Your situation Recommended choice
You need full-ownership delivery on a defined project scope DataRoot Labs
You need a large dedicated team for an ongoing programme DataRoot Labs
Your budget is at the lower end Compare: DataRoot Labs ($10,000+) vs ELEKS (Not published)
You need specialist depth in a specific vertical DataRoot Labs
You need staff augmentation or team extension Neither; consider alternatives that offer staff aug
You need consulting before committing to a build Both may offer discovery engagements

Use case fit: DataRoot Labs vs ELEKS

Use case DataRoot Labs fit ELEKS fit Winner
Fine-tuning an open-source LLM for a domain-specific internal tool Strong Limited DataRoot Labs
Building a computer vision model for retail or logistics quality inspection Strong Strong Both equally
Running an enterprise-scale data science initiative alongside a broader software modernization program Limited Strong ELEKS
Engaging a long-tenured, stable partner for a multi-year digital transformation that includes ML components Limited Strong ELEKS
Fixed-price build Limited Limited Both equally
MLOps pipeline setup Limited Limited Both equally

Verdict: DataRoot Labs vs ELEKS

DataRoot Labs (4.6/5) is the stronger overall choice for most ML Model Development projects. Has never diversified beyond AI/ML services, and backs its delivery bench with an in-house ML training program (DataRoot University).. It is best for startups and mid-market companies wanting a senior, AI-only team for LLM fine-tuning, computer vision, or reinforcement-learning projects..

ELEKS (4.1/5) is the better choice when enterprises wanting a long-established European software engineering partner with an added data science practice rather than an AI-only startup vendor.. If your situation matches those criteria, ELEKS is a competitive option.

Related comparisons

DataRoot Labs vs ELEKS FAQ

Is DataRoot Labs better than ELEKS?

DataRoot Labs (4.6/5) scores higher overall, but "better" depends on your use case. DataRoot Labs is better for startups and mid-market companies wanting a senior, AI-only team for LLM fine-tuning, computer vision, or reinforcement-learning projects.. ELEKS is better for enterprises wanting a long-established European software engineering partner with an added data science practice rather than an AI-only startup vendor..

How do DataRoot Labs and ELEKS differ in pricing?

DataRoot Labs uses time & material, project-based pricing with a minimum engagement of $10,000+. ELEKS uses time & material, fixed project pricing with a minimum engagement of Not published.
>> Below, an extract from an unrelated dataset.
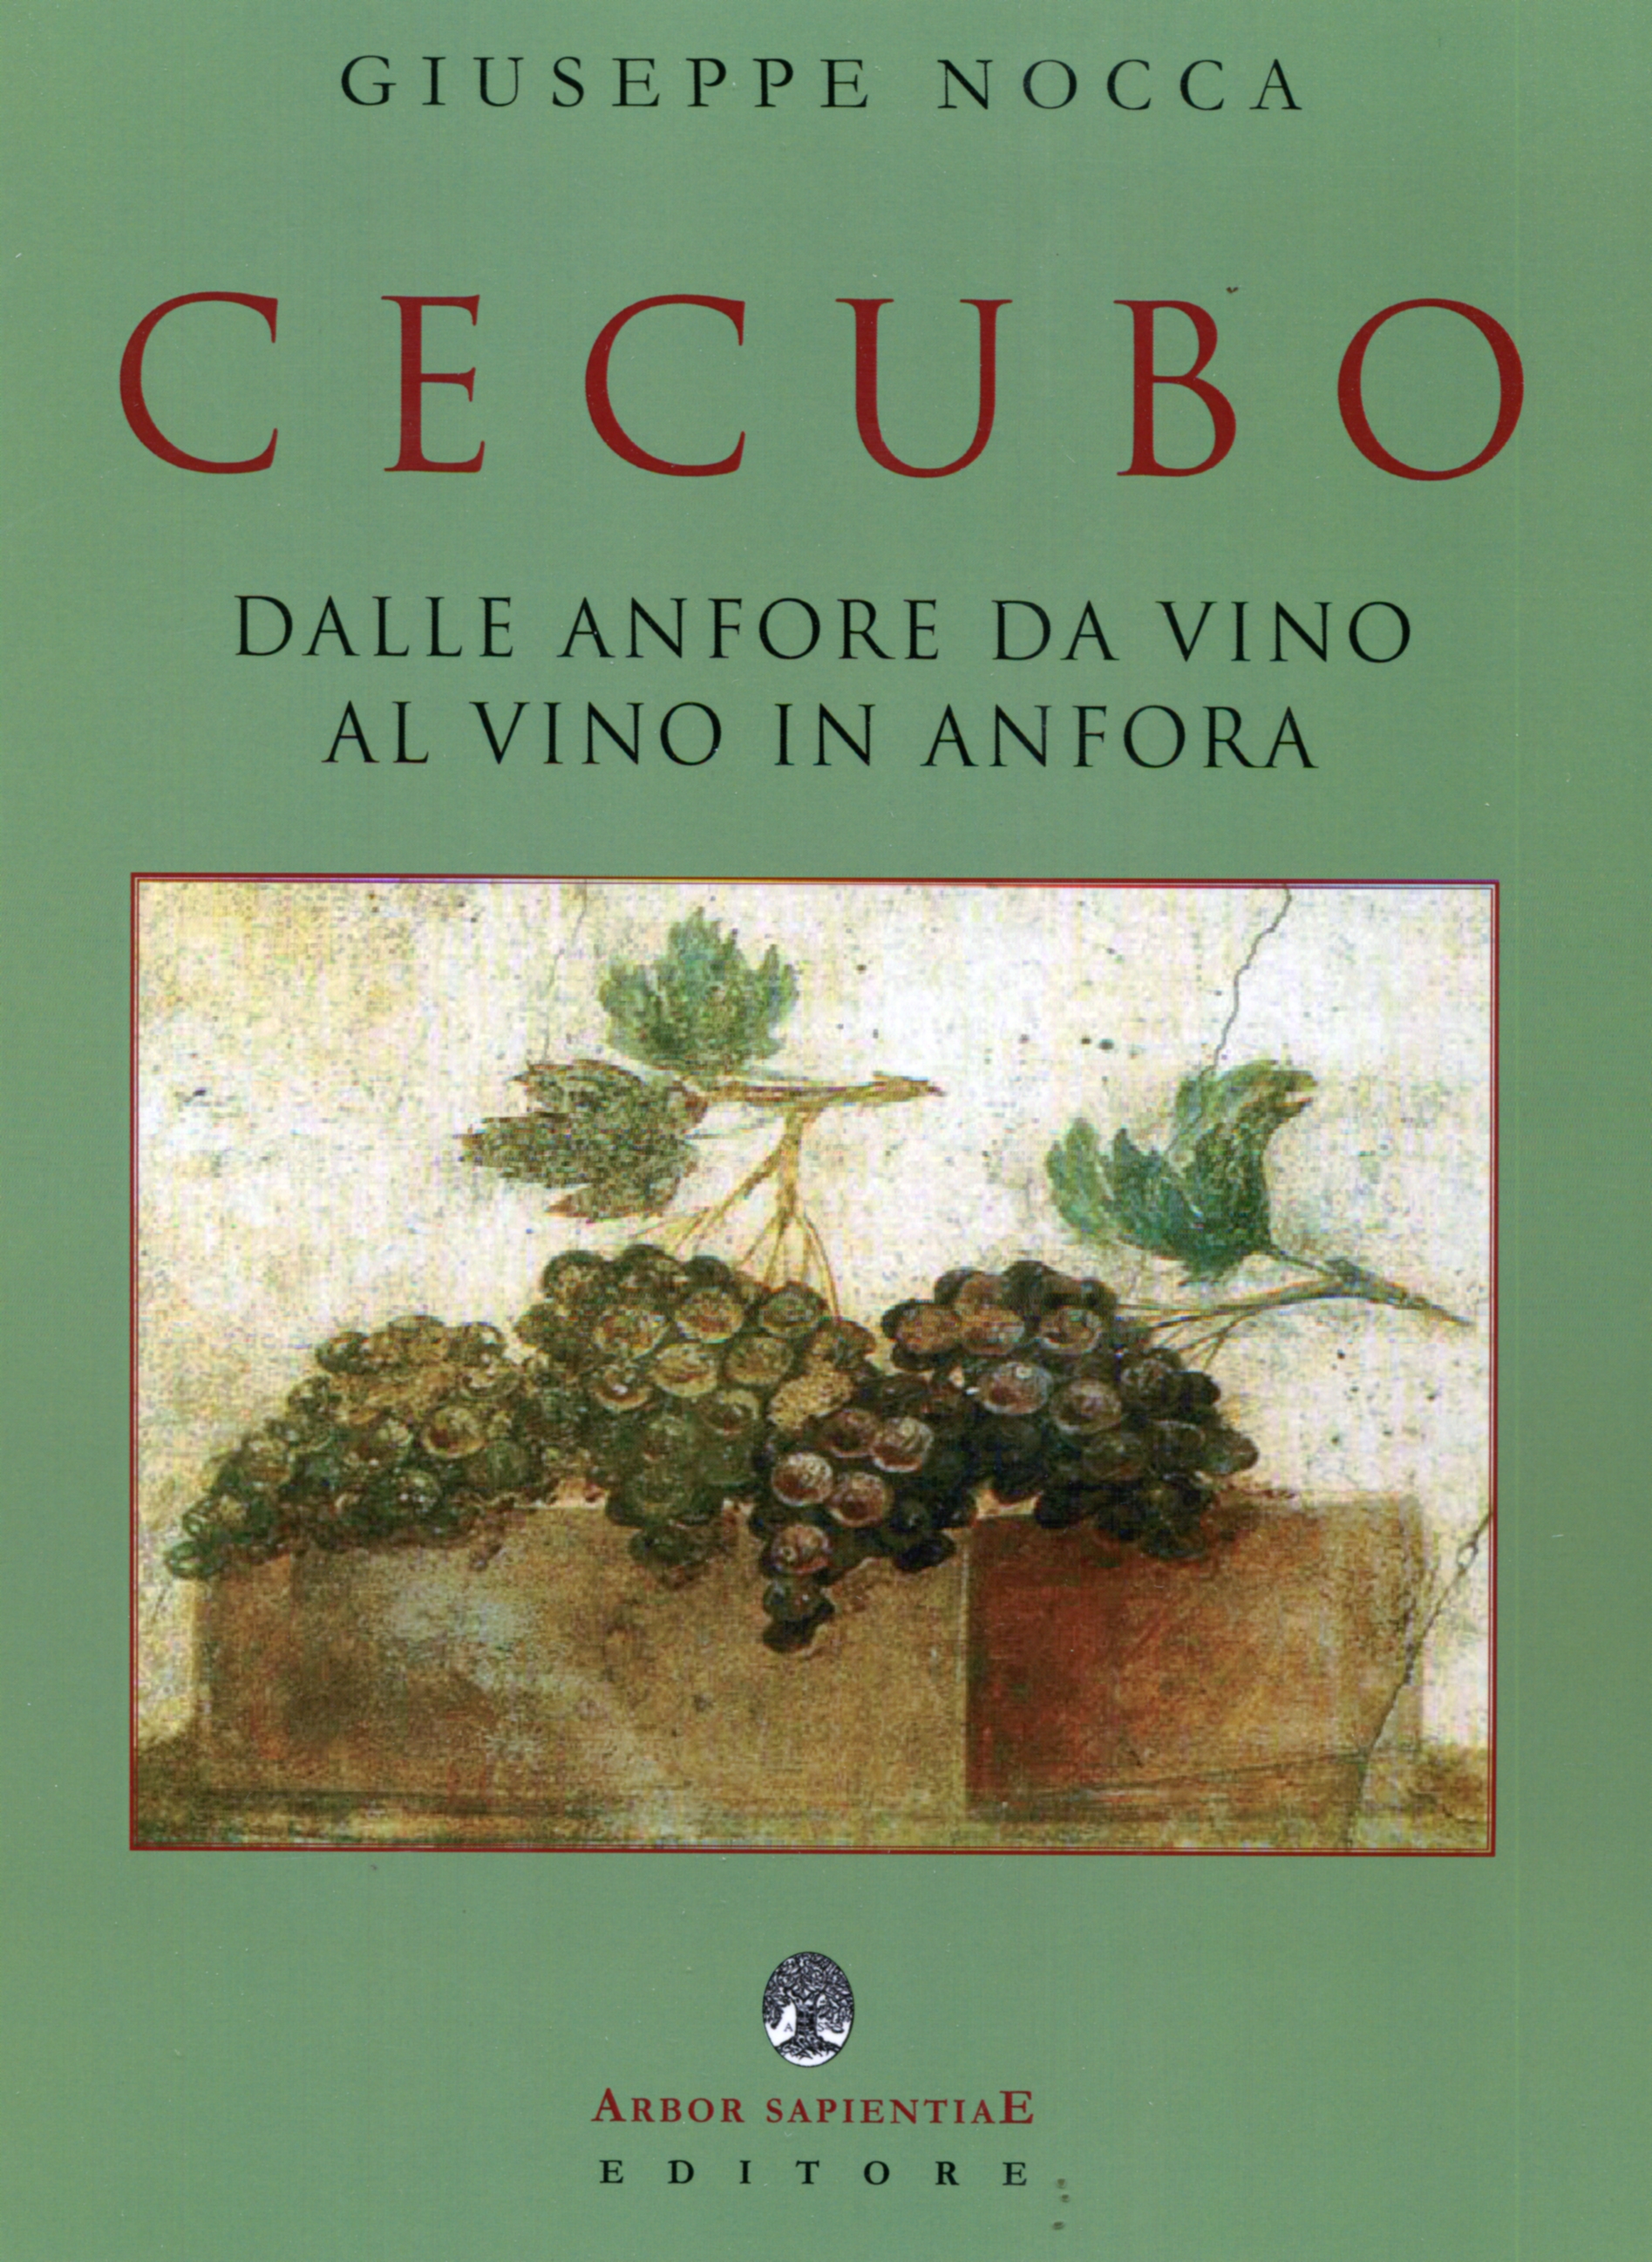 Libri: “Cecubo” dalle anfore da vino al vino in anfora di Giuseppe Nocca

Neither firm publishes a full rate card; a discovery call is required for project-specific quotes.

Which is better for enterprise: DataRoot Labs or ELEKS?

ELEKS is the larger team and typically the better enterprise-scale choice. For very large programmes, verify team size and compliance coverage directly with each company before shortlisting.

What are the main differences between DataRoot Labs and ELEKS?

DataRoot Labs's primary differentiator is: has never diversified beyond ai/ml services, and backs its delivery bench with an in-house ml training program (dataroot university).. ELEKS's primary differentiator is: one of the longest operating histories (since 1991) among firms researched for this list, predating the ai consulting boom by decades.. They also differ in team size (51–200 vs 1,001–5,000), minimum engagement ($10,000+ vs Not published), and primary industries served (E-commerce, Healthcare vs Financial services, Healthcare).

Last reviewed: July 2026. Verify all details directly with each company before making a decision.